Judge rejects delay to defamation suit against Donald Trump
NEW YORK (AP) — A federal judge on Wednesday rejected a request by lawyers for former President Donald Trump to delay the progression of a defamation lawsuit by a woman who accused him of rape.
Judge Lewis A. Kaplan in Manhattan issued a brief denial of the request the lawyers made in December to delay the lawsuit while an appeals court decides whether the United States can be substituted as the defendant. It was unclear whether he would explain his reasoning in a subsequent filing.
The 2nd U.S. Circuit Court of Appeals is slated to hear arguments in November on whether Trump can be replaced as the defendant in the lawsuit brought by columnist E. Jean Carroll.
The U.S. Justice Department has asserted that Trump cannot be held personally liable for “crude and disrespectful” remarks he made about Carroll because he was president at the time.
Carroll says Trump raped her in the mid-1990s in an upscale Manhattan department store.
Her lawyer, Roberta Kaplan, said in an email, “We very much look forward to oral argument in E Jean’s case before the Second Circuit. ... In the meantime, we are reviewing today’s order.”
Lawyers for Trump and the Justice Department did not immediately return messages seeking comment.

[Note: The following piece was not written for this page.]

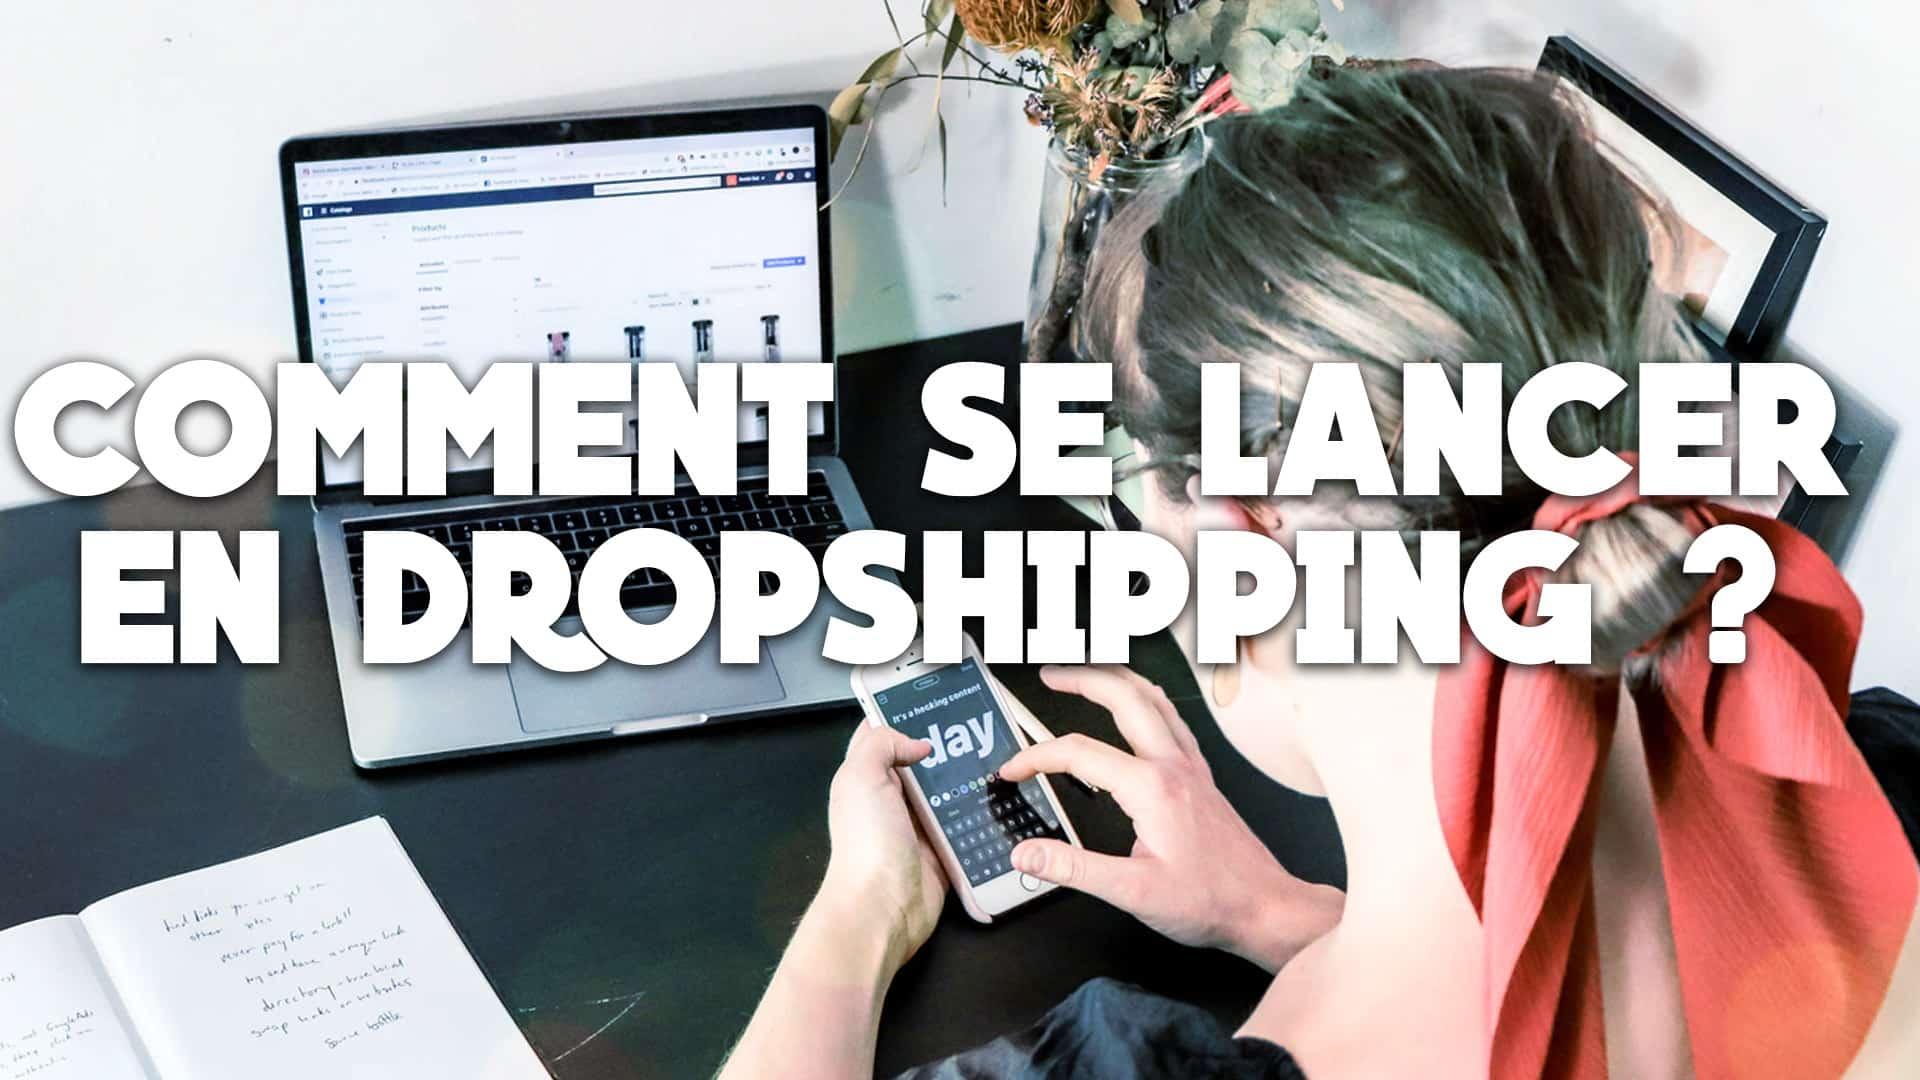 Comment se lancer en dropshipping en 5 étapes ?

The Associated Press generally does not identify people alleging sexual assault, but Carroll has consented to being named in the media.
Former U.S. Attorney General William Barr began the effort to replace Trump as the defendant while Trump was still in office.

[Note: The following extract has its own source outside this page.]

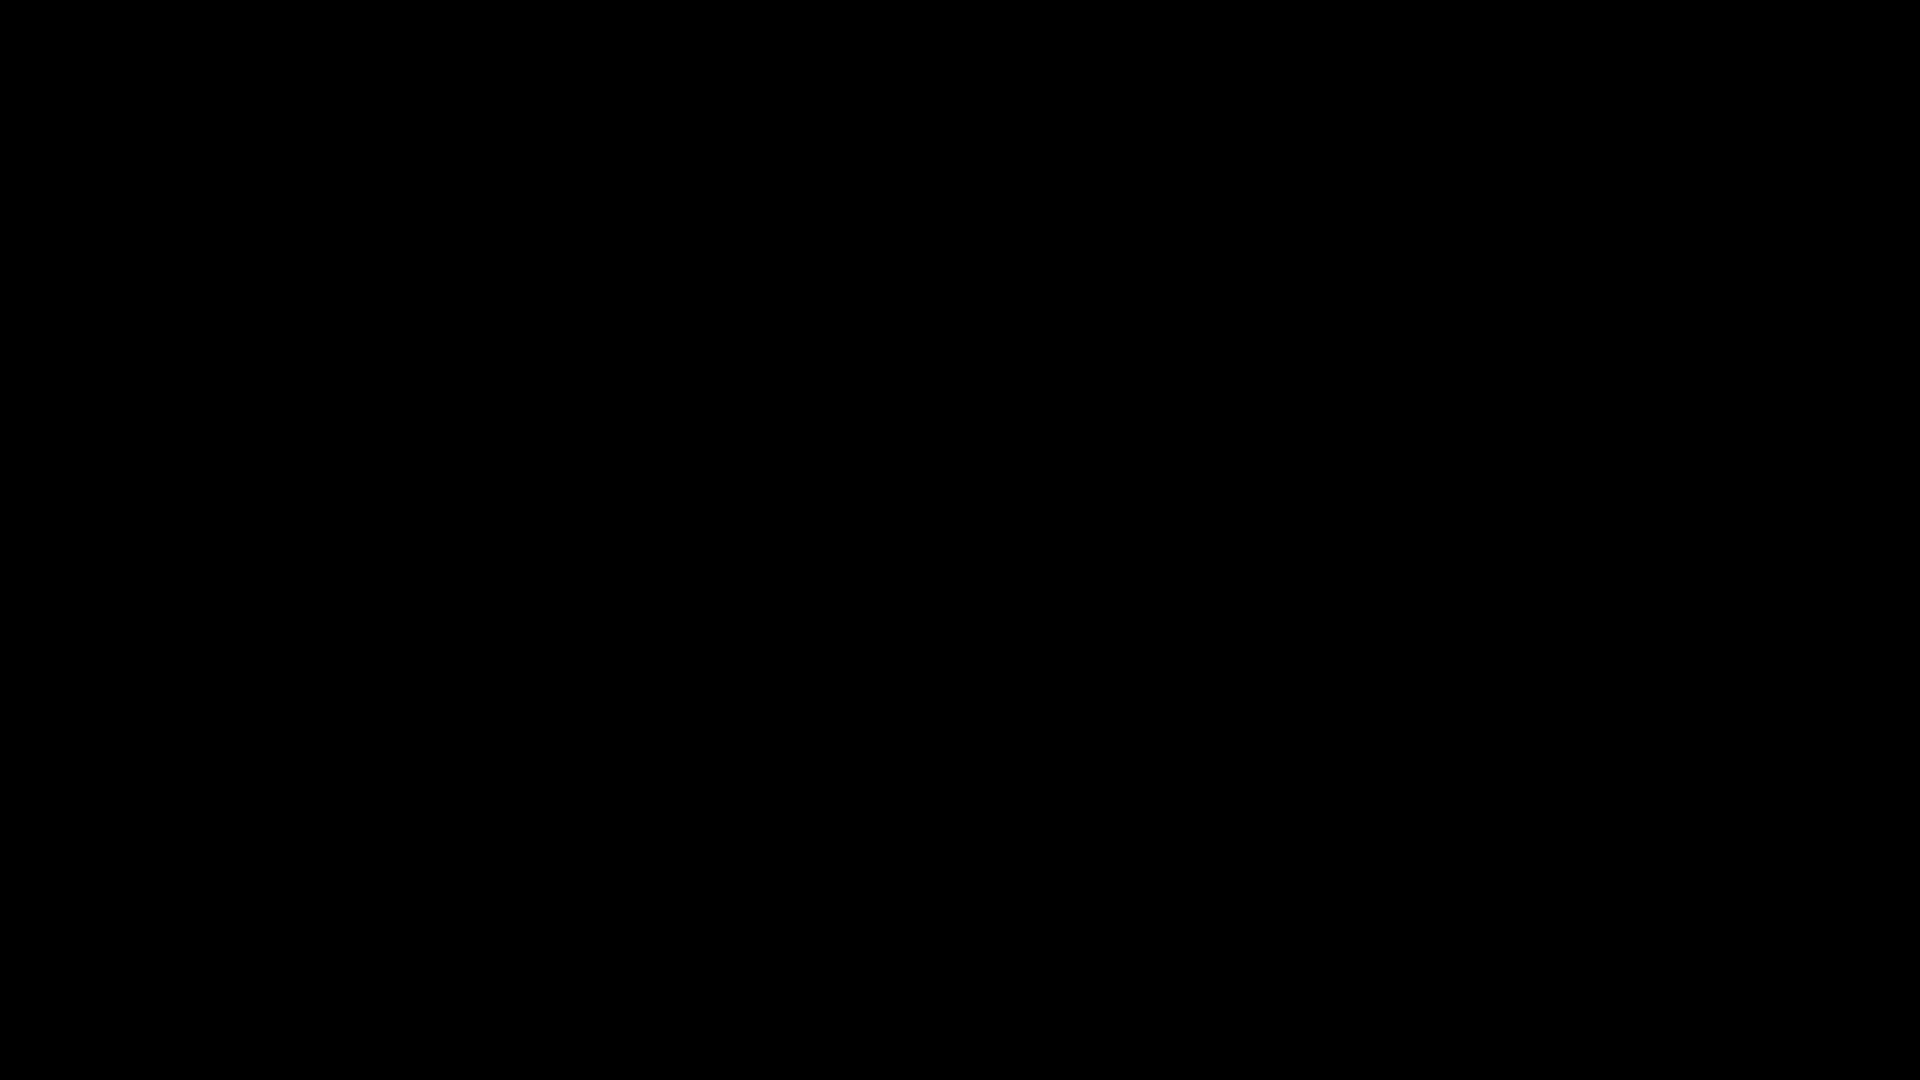 VIREI HOLOGRAMA! PROJETO COM METASTAGE

Barr’s intervention last October was criticized on the campaign trail by Trump’s Democratic opponent, Joe Biden, who said it was inappropriate for the Justice Department to attempt to intervene in a private legal battle over Trump’s personal conduct.
In June, the Justice Department under Biden, who won the election, stuck to the position it took while Barr led the department.
It said Trump was acting “within the scope of his office” in denying wrongdoing after White House reporters asked him about Carroll’s claims.
“Elected public officials can — and often must — address allegations regarding personal wrongdoing that inspire doubt about their suitability for office,” the Justice Department said.
“Even reprehensible conduct ... can fall within the scope of employment,” the lawyers wrote, conceding that Trump used “crude and disrespectful” language in questioning Carroll’s credibility.
Kaplan ruled last October that Trump cannot use a law protecting federal employees from being sued individually for things they do within the scope of their employment.